To borrow a phrase from the original super brat himself, you cannot be serious.
That was my response (and then some) to an invitation to participate in a so-called “un-potato fest”, which asks participant bloggers to spread, in a jocular fashion, the myth that potatoes are boring, in order to promote a box of (wait for it) instant stuffing mix.
I mean really, who in their right mind would ask me, of all people, to promote the supposed ability of an instant stuffing mix to heroically save us, every one, from the apparent mundanity of all things spud. A mix which, according to this post, contains, among many other things, high fructose corn syrup, MSG and a whole whack of salt. Charming.
Some, I know, will take up the call, and that’s their prerogative, of course.
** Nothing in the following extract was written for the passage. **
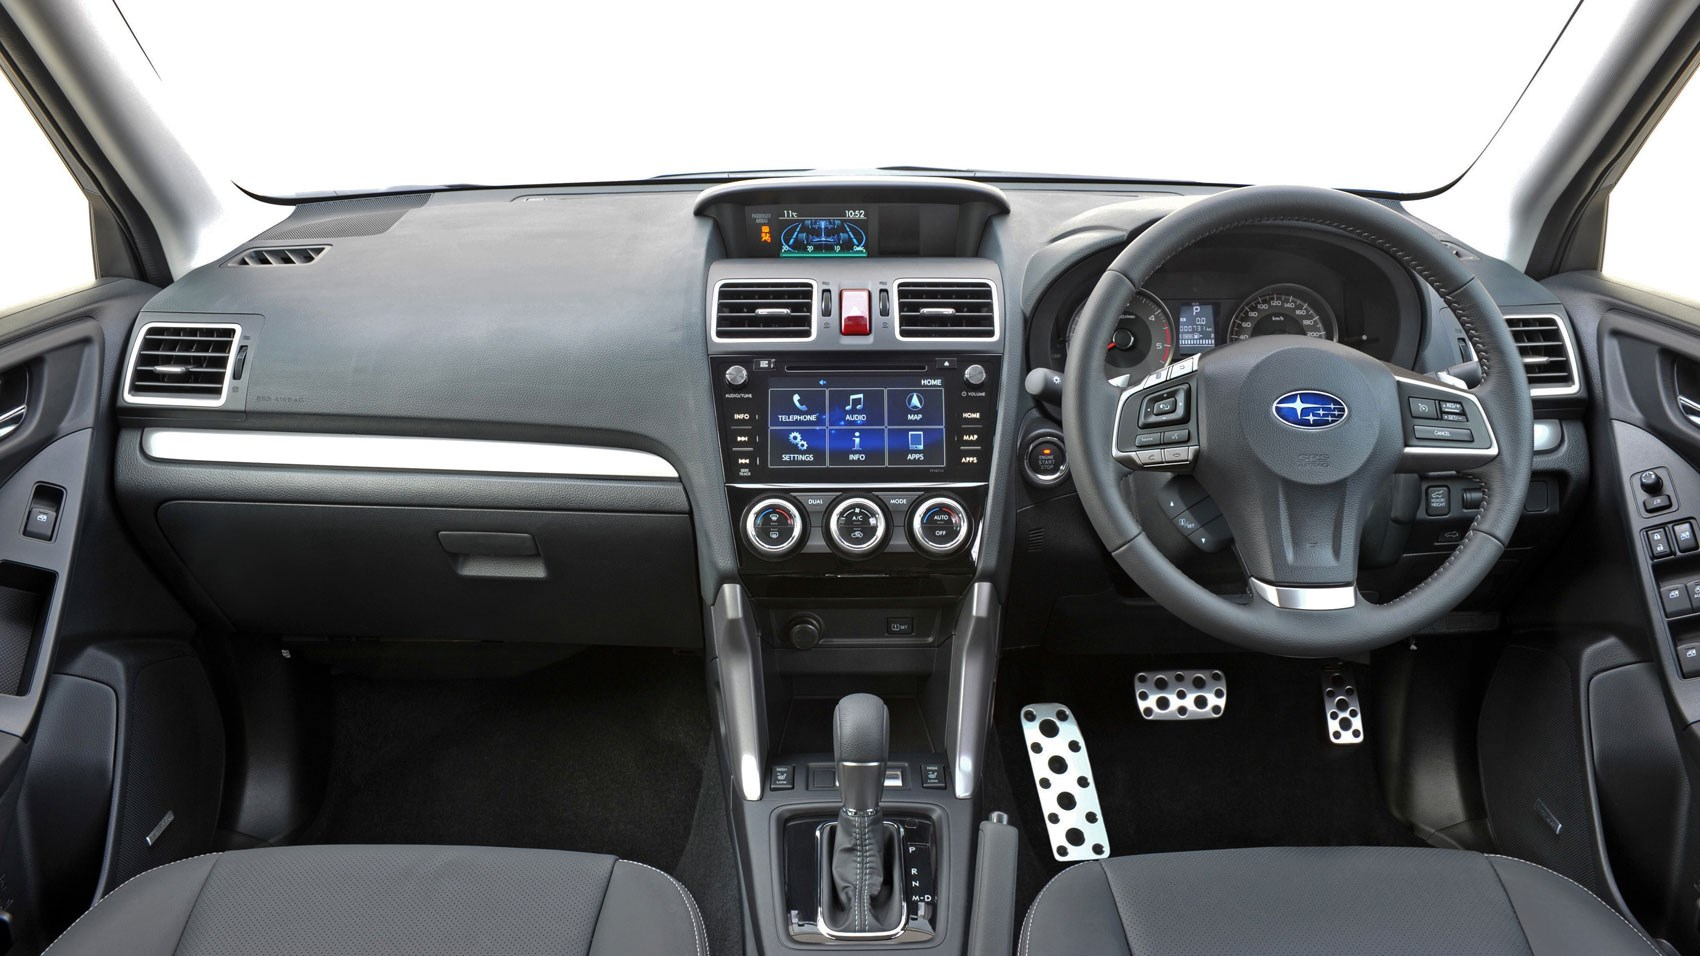 Subaru Forester 2 0d Lineartronic Xc Premium 2015 Review Car Magazine

As for me, I’ll choose potatoes over a box of stuffing any day (but I rather suspect you knew that already). Spuds are truly versatile and sometimes even surprising beasts, as, I think, this potato bakewell tart will demonstrate.
Potato Bakewell Tart
As with the use of mashed potato in other baked goods, the addition of potato here brings some additional moistness to the tart’s filling.
The idea for this originated with an old English recipe for potato “cheesecake” , which consists of pastry shells filled with a mixture of mashed potato, butter, sugar and nary a bit of cheese. To be honest, the original recipe really left quite a lot to be desired, so I added some egg and flour for structure and ground almonds for texture and flavour, resulting in a filling that was quite frangipane-like. From there, it seemed only natural to add a layer of jam, to make a kind of potato bakewell tart.
Do use a floury potato for the mash and have the cooked potatoes as dry as possible before mashing, as soggy mash will translate to a wetter filling. As the filling is quite moist and dense as it is, I find it works best spread in a fairly thin layer, so shallow baking tins are recommended.
For the filling:
- 100g butter
- 75g light muscovado sugar
- 2 eggs
- 100g ground almonds
- 2 tblsp plain flour
- pinch of salt
- 0.25 tsp vanilla extract
- grated rind of half a lemon
- 150g plain boiled or steamed potato, mashed, preferably using a ricer, and cooled
For the tart shells:
- approx. 300g shortcrust pastry
- 3-4 tblsp raspberry or apricot jam, warmed
You’ll also need:
- 6 loose-bottomed tartlet tins (about 10cm diameter and 1.5cm deep) or a shallow swiss roll tin, around 27cm x 18cm.
- Preheat the oven to 180C.
- If you’re using pastry that has been frozen, make sure that it’s fully thawed out. If you’re making your own pastry, make it first and let it rest in the fridge while you make the filling.
- Cream together the butter and sugar, using a stand mixer or food processor if you have such a thing, or a wooden spoon and elbow grease if not.
- Beat in one of the eggs, followed by half of the ground almonds, then the second egg and, finally, add in the rest of the almonds.
- Stir in the flour and salt, followed by the vanilla and lemon zest.
- Stir in the mashed potato.
- Roll out your pastry fairly thinly and line your tartlet tins (or swiss roll tin if using).
- Taking each tin in turn, spread the base of the pastry with a thin layer of jam and pour over the potato/almond filling (you should have enough to roughly half fill the tins).
- Bake for around 20 minutes or until lightly golden and firm to the touch.
- Cool on a wire rack, after which you can remove the tartlets from their individual tins or (if using a swiss roll tin) cut into individual slices.
- As with other frangipane-type mixtures, you could try making this with nuts other than almonds.